Livret A, assurance-vie : sus aux épargnants!

Livret A, assurance-vie : sus aux épargnants !

Le mythique Livret A et l’assurance-vie se disputent le titre de « placement préféré des Français ». Or tous deux partagent désormais la même ingratitude vis-à-vis des épargnants qui leur ont accordé leur confiance : ils leur font perdre l’un et l’autre de l’argent !

Le premier collecte quelque 280 milliards d’euros et il offre un taux de rémunération d’à peine 0,5 %, trois fois moins que l’inflation (1,5 % selon l’Insee). Quant aux contrats d’assurance-vie, qui drainent 1 800 milliards d’euros, le rendement moyen des fonds en euros - à capital nominal garanti - aura été de 1,4 % en 2019. Compte tenu de la fiscalité, ces placements ont vu leur valeur réelle sensiblement rognée l’an dernier.

Les temps sont durs pour les bas de laine. De guerre lasse, nos compatriotes renoncent à placer leur argent, laissant grossir de mois en mois leurs comptes de dépôt non rémunérés. Au printemps 2019, les 62,9 millions de Français possédant un compte bancaire, y compris les enfants mineurs, disposaient chacun de 5 491 euros en moyenne, selon la Banque de France. Cet argent en déshérence n’intéresse personne. Surtout pas les banques qui doivent acquitter un taux d’intérêt de 0,5% (taux négatif) sur leurs propres excédents de trésorerie qu’il leur faut déposer à la BCE.

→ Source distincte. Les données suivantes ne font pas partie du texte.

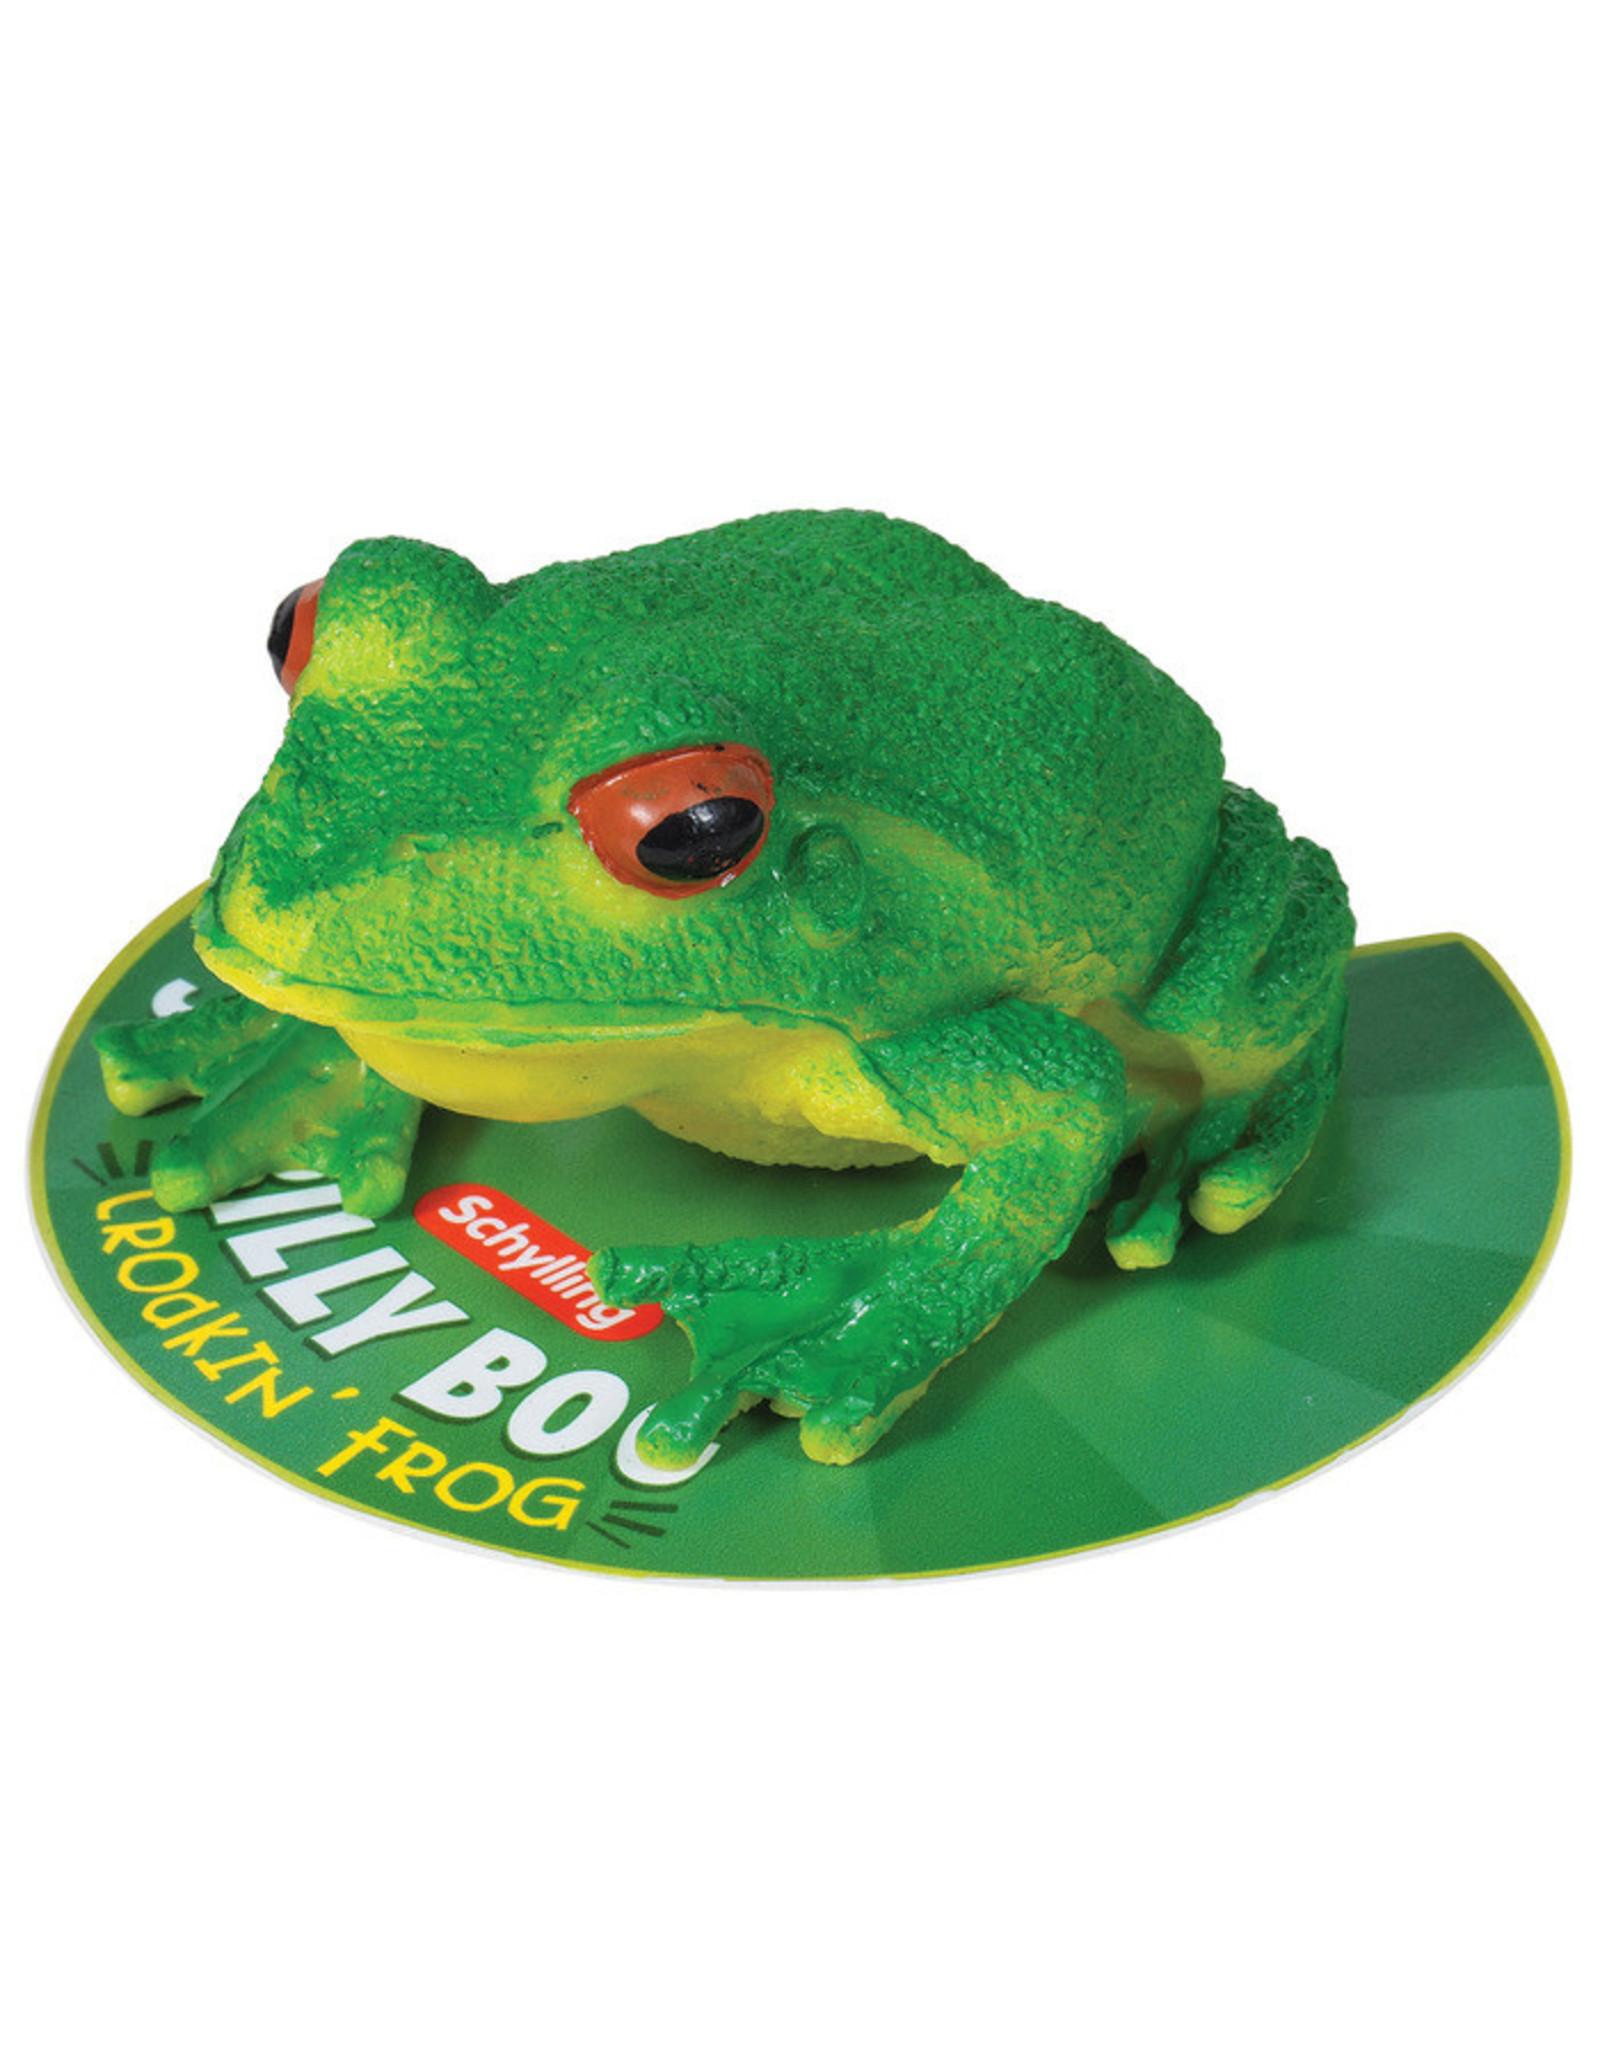 Schylling Billy Bog Squish Frog

À titre de consolation, les épargnants français et européens peuvent se dire qu’ils ne sont pas les seuls à être maltraités. En Chine, le taux de rendement des placements obligataires à dix ans (l’équivalent de nos contrats d’assurance-vie) est tout juste au niveau de l’inflation (3 %). Le cas des Chinois est encore plus désespérant, fait remarquer l’économiste Patrick Artus, dans la mesure où la croissance économique de la Chine est quatre fois celle de la zone euro (respectivement 6 % et 1,3 % en 2020 selon les prévisions du FMI).

Il existe en effet « une règle d’or » entre la croissance économique d’un pays et la rémunération de ses épargnants, comme l’a expliqué le premier l’économiste français Maurice Allais (1911 -2010), prix Nobel d’économie 1988. C’est même une règle « éthique », selon Allais, que de rémunérer l’épargne juste au niveau de la croissance réelle de l’économie, car si le capital épargné rapportait plus que le taux de croissance, ce serait aux dépens du facteur travail, et vice versa. Il s’agit certes d’une norme théorique, mais dont la validité est infiniment plus rationnelle et plus respectable que les règlements administratifs fixant le taux du Livret A et qui ne cessent de changer.

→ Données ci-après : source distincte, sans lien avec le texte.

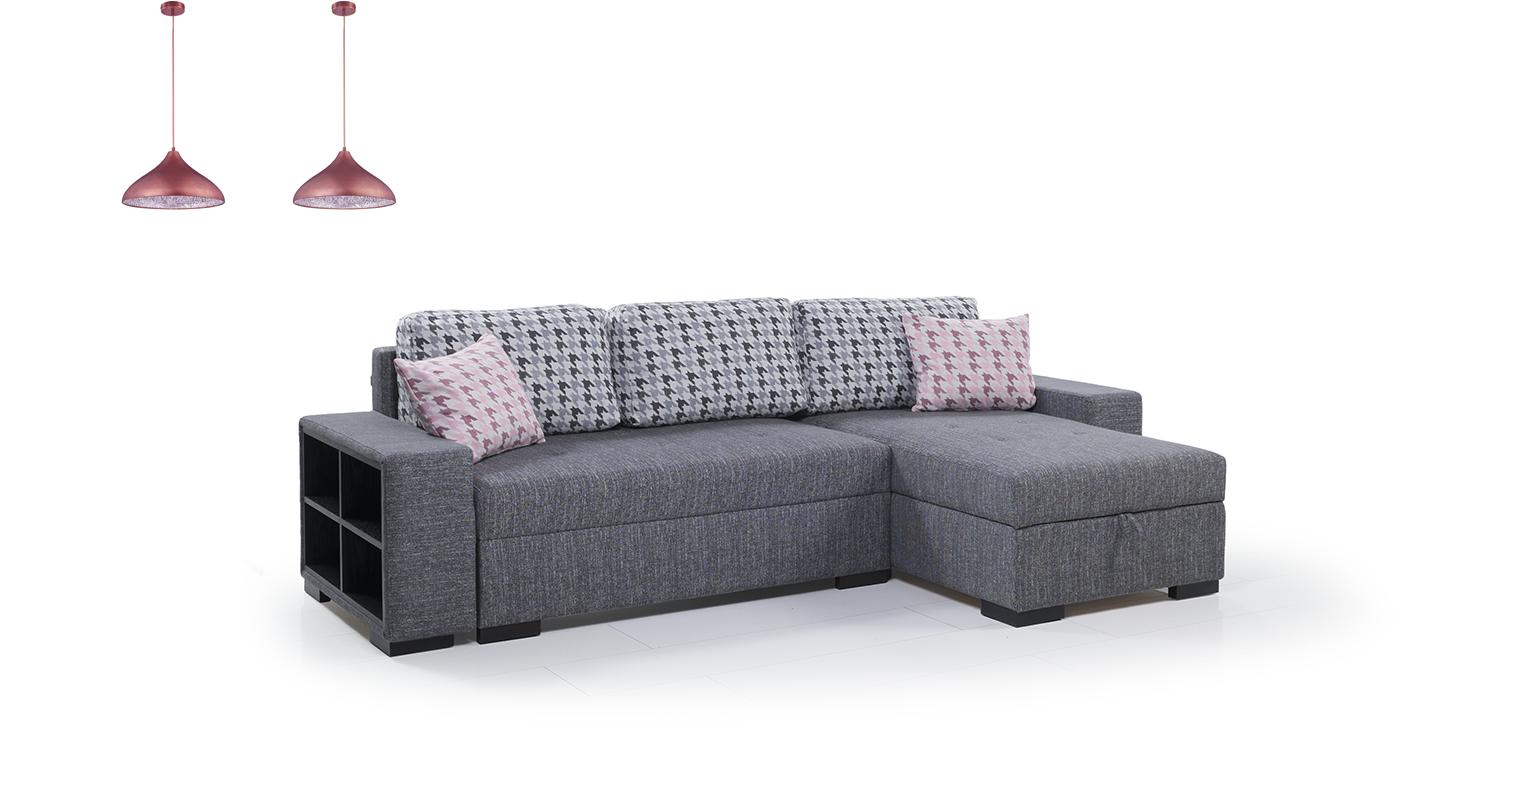 Extensible sofa goya tediva - Sofa extensible ...

Personne n’ignore bien sûr la raison originelle des mécomptes de l’épargne en France et dans la zone euro. Elle incombe à la Banque centrale européenne, à sa politique de taux d’intérêt zéro, voire négatifs, ainsi qu’à ses achats d’actifs financiers qui ont fait chuter les taux du marché obligataire. Christine Lagarde, qui a le cœur sur la main, nous a expliqué en prenant ses fonctions à la présidence de la BCE que cette dernière « a bien fait d’arbitrer en faveur de l’emploi, de la croissance, plutôt qu’en faveur de la protection des épargnants ». Cette vulgate de la science économique semble être le bon sens, si ce n’est qu’elle fait l’impasse sur les travers d’une politique monétaire qui alimente la spéculation boursière et immobilière, notamment à Paris, avec des effets sociaux désastreux.

Sus à l’épargnant : ne devrait-il pas prendre plus de risques en investissant dans les actions d’entreprise comme le lui susurre Bercy au nom de la « start-up nation » du nouveau monde macronien ? C’est totalement méconnaître la réalité des chiffres : au total, la capitalisation boursière des entreprises françaises de l’indice CAC 40 représente 1 802 milliards d’euros, alors que l’assurance-vie atteint 1 800 milliards, laquelle avait pour fonction initiale de financer la dette publique qui culmine à 2 415 milliards d’euros. En toute logique, les épargnants, dont l’État a grandement besoin, devraient être bien rémunérés, s’ils ne subissaient pas la concurrence déloyale de la BCE qui n’a qu’à faire tourner la planche à billets : celle-ci a ainsi acheté 425,2 milliards d’euros de titres français.

L’économiste John Maynard Keynes avait appelé de ses vœux « l’euthanasie du rentier et du capitaliste oisif », en faisant en sorte que le capital soit pléthorique et n’ait plus à être rémunéré. C’est le scénario que nous vivons. Mais au lieu de la démocratisation du capitalisme souhaitée par Keynes, on assiste au contraire à une montée inédite des inégalités aux dépens des épargnants de la classe moyenne qui se font plumer.